To ascertain evidence of common genetic regulation between CRP and the components of metabolic syndrome, we conducted bivariate analysis, using SOLAR (Sequential Oligogenic Linkage Analysis Routines) ver. 4.2.0,³¹ which allowed partitioning of the phenotypic correlations into genetic (ρ_G) and environmental correlations (ρ_E). The presence of a significant genetic correlation between two characteristics could be considered evidence of pleiotropy.

To evaluate environmental associations between CRP and components of metabolic syndrome with full consideration of the effect of age, sex, and genetic factors, we conducted a co-twin–control study in 113 pairs of mozygotic twins. If a twin pair were discordant by more than 0.5 mg/L regarding CRP levels, they were selected for the co-twin–control study. The CRP level for identifying discordant twin pairs was set on the basis of a clinical intervention study evaluating the effect of lipid-lowering agent on CRP level.³² We conducted a within-pair comparison of each component of metabolic syndrome using a paired t-test. We estimated the risk for having higher CRP levels associated with the components of metabolic syndrome by conditional logistic regression analysis with an adjustment for smoking and alcohol consumption, in which a person who had a higher CRP level than his/her co-twin was compared with the co-twin regarding the presumed risk factors. All of the hypotheses were tested bidirectionally with an alpha level set at 0.05.

Results

Table 1 shows metabolic and behavioral characteristics according to the level of CRP. Subjects with higher CRP levels tended to be older than those with lower CRP levels.
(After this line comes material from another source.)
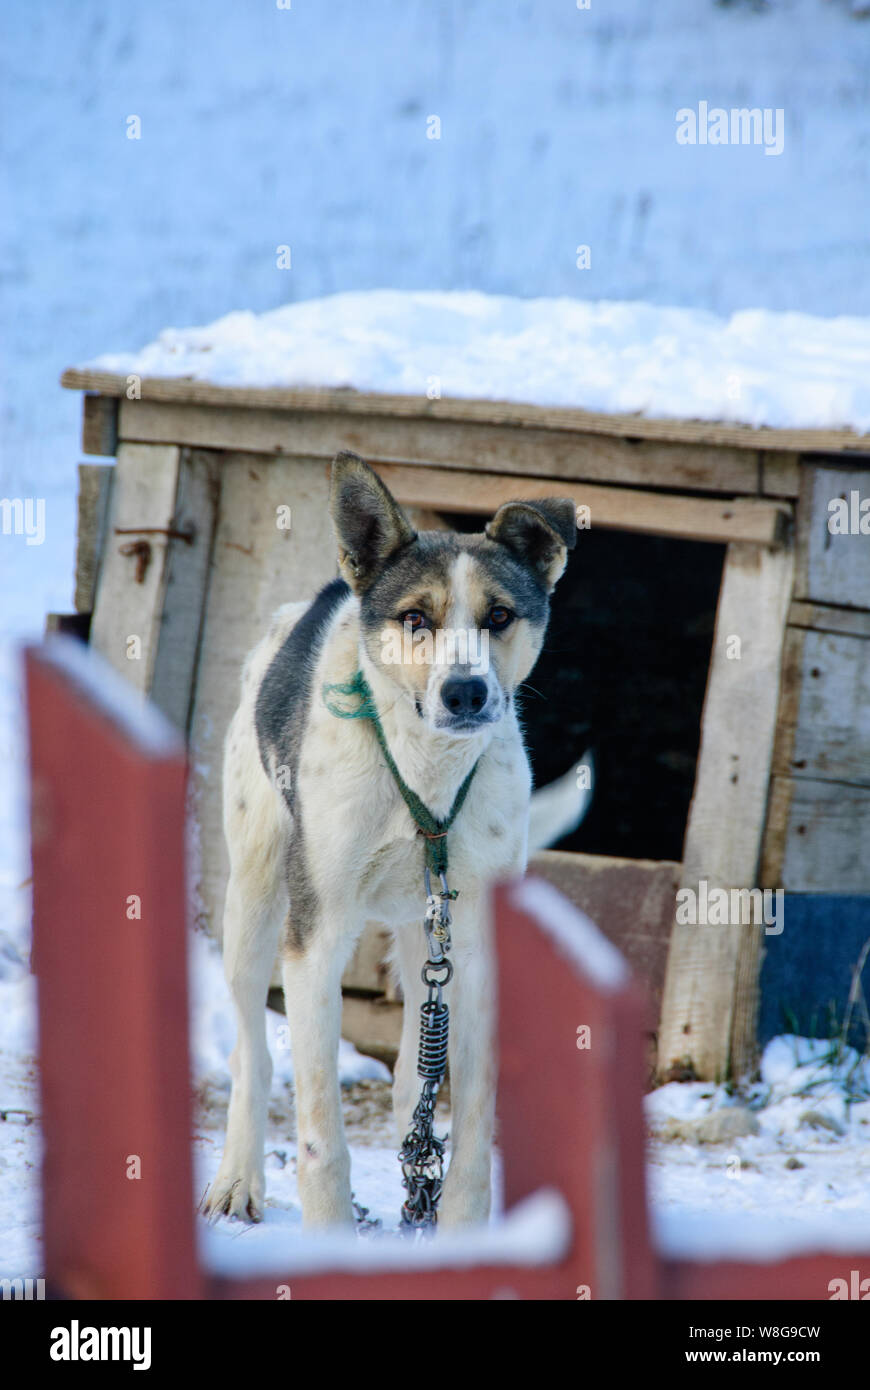 Lone cane nel mezzo di Borovetts Bulgaria sul nightwatch come un cucciolo a guardia delle persone nelle vicinanze da orsi e altre cose di questo genere. Foto Stock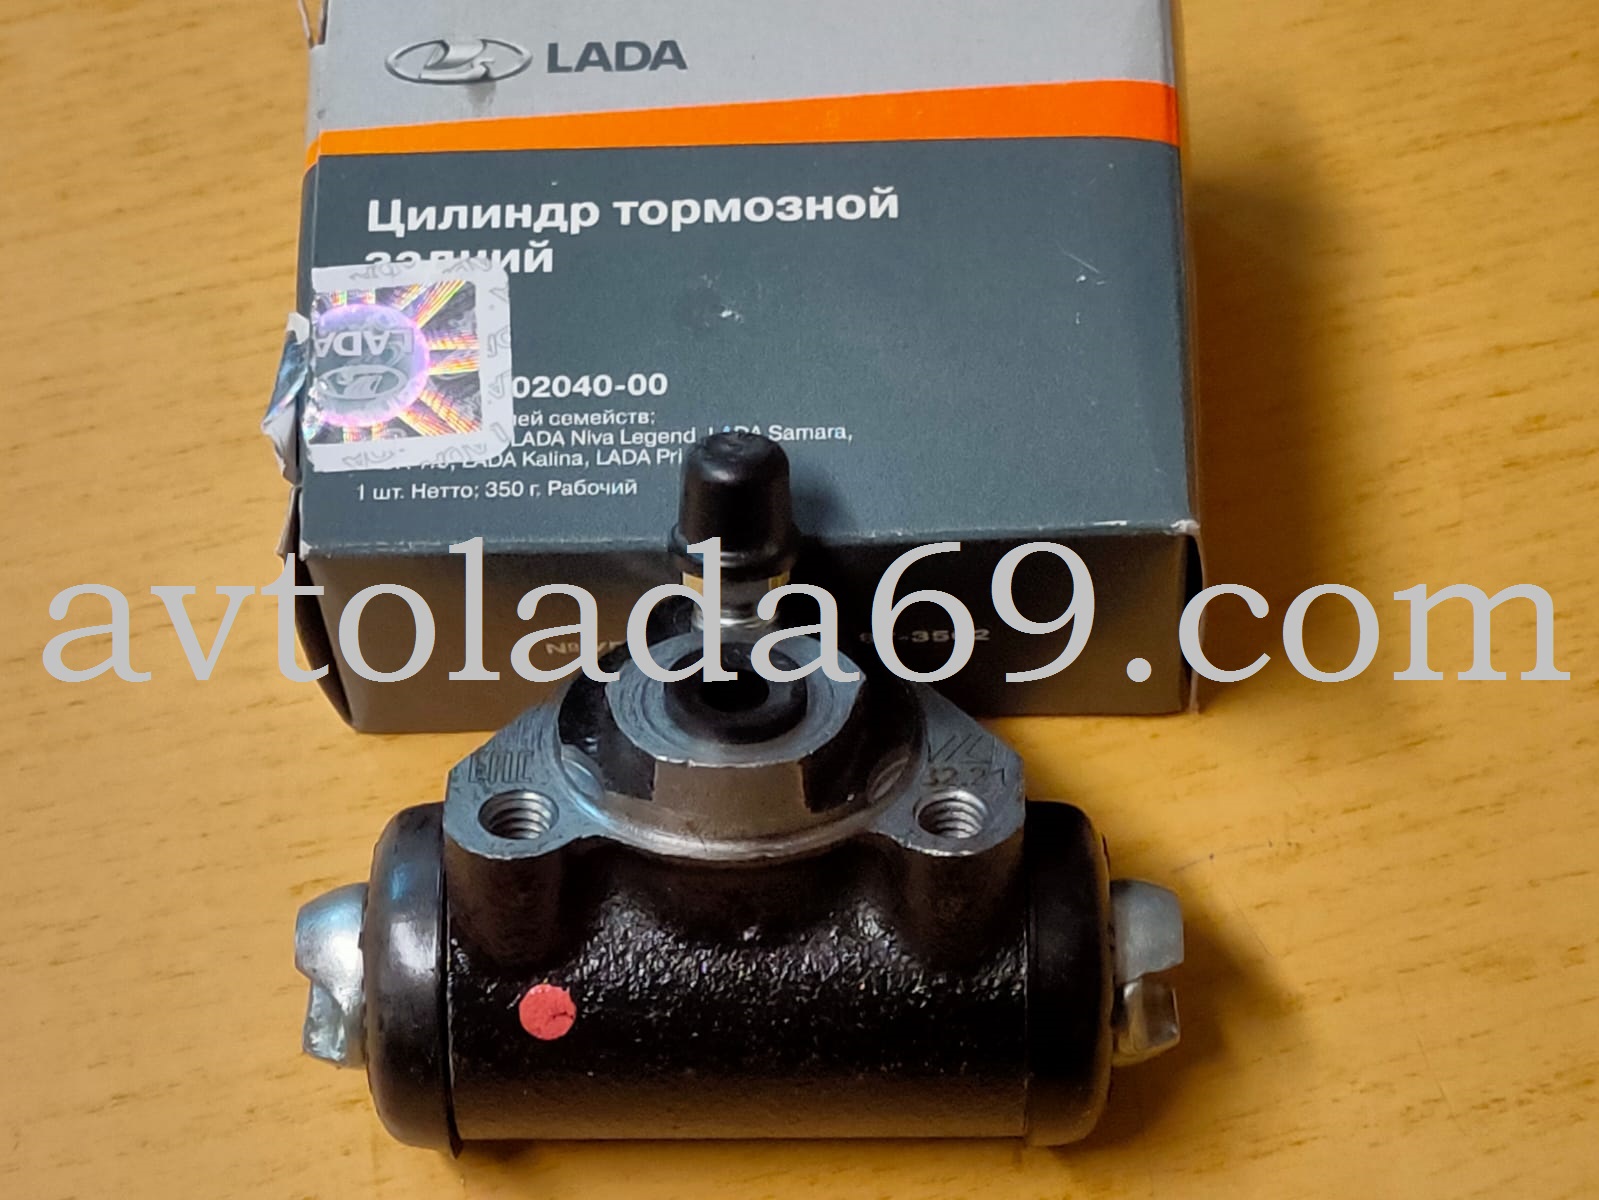 Цилиндр задний тормозной 21050-3502040-00 ВИС (LADA)

All of the obesity-related indices, including BMI, total body fat, WC, and weight change since 20 years of age, increased gradually with the increase of CRP level. Glucose, insulin, and HOMA also increased gradually, according to the increase in CRP level. SBP and DBP, total cholesterol, non-HDL-C, triglycerides, and LDL-C were more likely to be higher in participants who have higher CRP levels. HDL-C levels decreased with increasing CRP levels. Prevalence of metabolic syndrome increased progressively with increasing CRP level whether we applied the diagnostic criteria recommended by NCEP ATP III or by IDF. When we repeated this analysis with restriction to males or females, these findings did not change except for alcohol consumption (p for trend=0.43 in males) and smoking (p for trend=0.35 in females).

Table 1.

Metabolic and Behavioral Characteristics According to the Level of C-Reactive Protein

		Levels of C-reactive protein
Characteristics, mean±SD or %	Number of persons ^a	<0.5	0.5 to <1	1–3	>3	P_trend ^b
Number of persons in each C-reactive protein group		1214	678	487	176	2555
C-reactive protein (mg/L)	2555	0.27±0.11	0.67±0.14	1.61±0.55	6.16±3.58	<0.01
Male	2555	31.1%	45.7%	48.1%	50.0%	<0.01
Age (years)	2555	39.8±11.3	45.0±13.1	45.6±13.4	46.9±13.6	<0.01
Body mass index (kg/m²)	2555	22.4±2.7	24.0±2.8	25.0±3.4	25.7±4.5	<0.01
Total body fat (%)	2547	27.1±7.7	28.4±7.9	29.5±8.2	29.5±9.2	<0.01
Waist circumference (cm)	2554	76.4±7.9	81.9±8.2	84.7±8.8	86.2±10.8	<0.01
Weight change since 20-year old (kg)	2101	4.5±6.4	8.0±7.4	10.1±8.2	10.8±11.3	<0.01
Systolic blood pressure (mmHg)	2547	112.2±15.1	118.2±16.5	121.6±17.4	121.4±19.9	<0.01
Diastolic blood pressure (mmHg)	2547	71.7±10.2	74.1±10.5	76.9±11.6	75.8±11.4	<0.01
Total cholesterol (mmol/L)	2555	4.74±0.88	5.03±0.93	5.04±0.96	4.98±0.84	<0.01
Non-high-density lipoprotein cholesterol (mmol/L)	2555	3.40±0.86	3.74±0.91	3.83±0.96	3.78±0.87	<0.01
Low-density lipoprotein cholesterol (mmol/L)	2555	2.70±0.74	2.99±0.82	2.98±0.83	2.98±0.79	<0.01
High-density lipoprotein cholesterol (mmol/L)	2555	1.34±0.32	1.29±0.31	1.21±0.31	1.20±0.33	<0.01
Triglyceride (mmol/L)	2555	1.05±0.80	1.44±0.92	1.67±1.28	1.56±1.14	<0.01
Glucose (mmol/L)	2555	4.96±0.62	5.25±0.98	5.37±1.19	5.52±1.36	<0.01
Insulin (pmol/L)	2555	44.2±22.7	48.2±33.0	52.6±33.1	56.5±42.8	<0.01
Homeostasis model assessment^c	2555	1.37±0.76	1.59±1.20	1.85±1.46	2.00±1.87	<0.01
Metabolic syndrome by ATP III criteria	2547	4.04%	13.27%	23.82%	32.95%	<0.01^d
Metabolic syndrome by IDF criteria	2547	5.11%	16.37%	28.95%	31.25%	<0.01^d

In some participants, data were missing for some variables.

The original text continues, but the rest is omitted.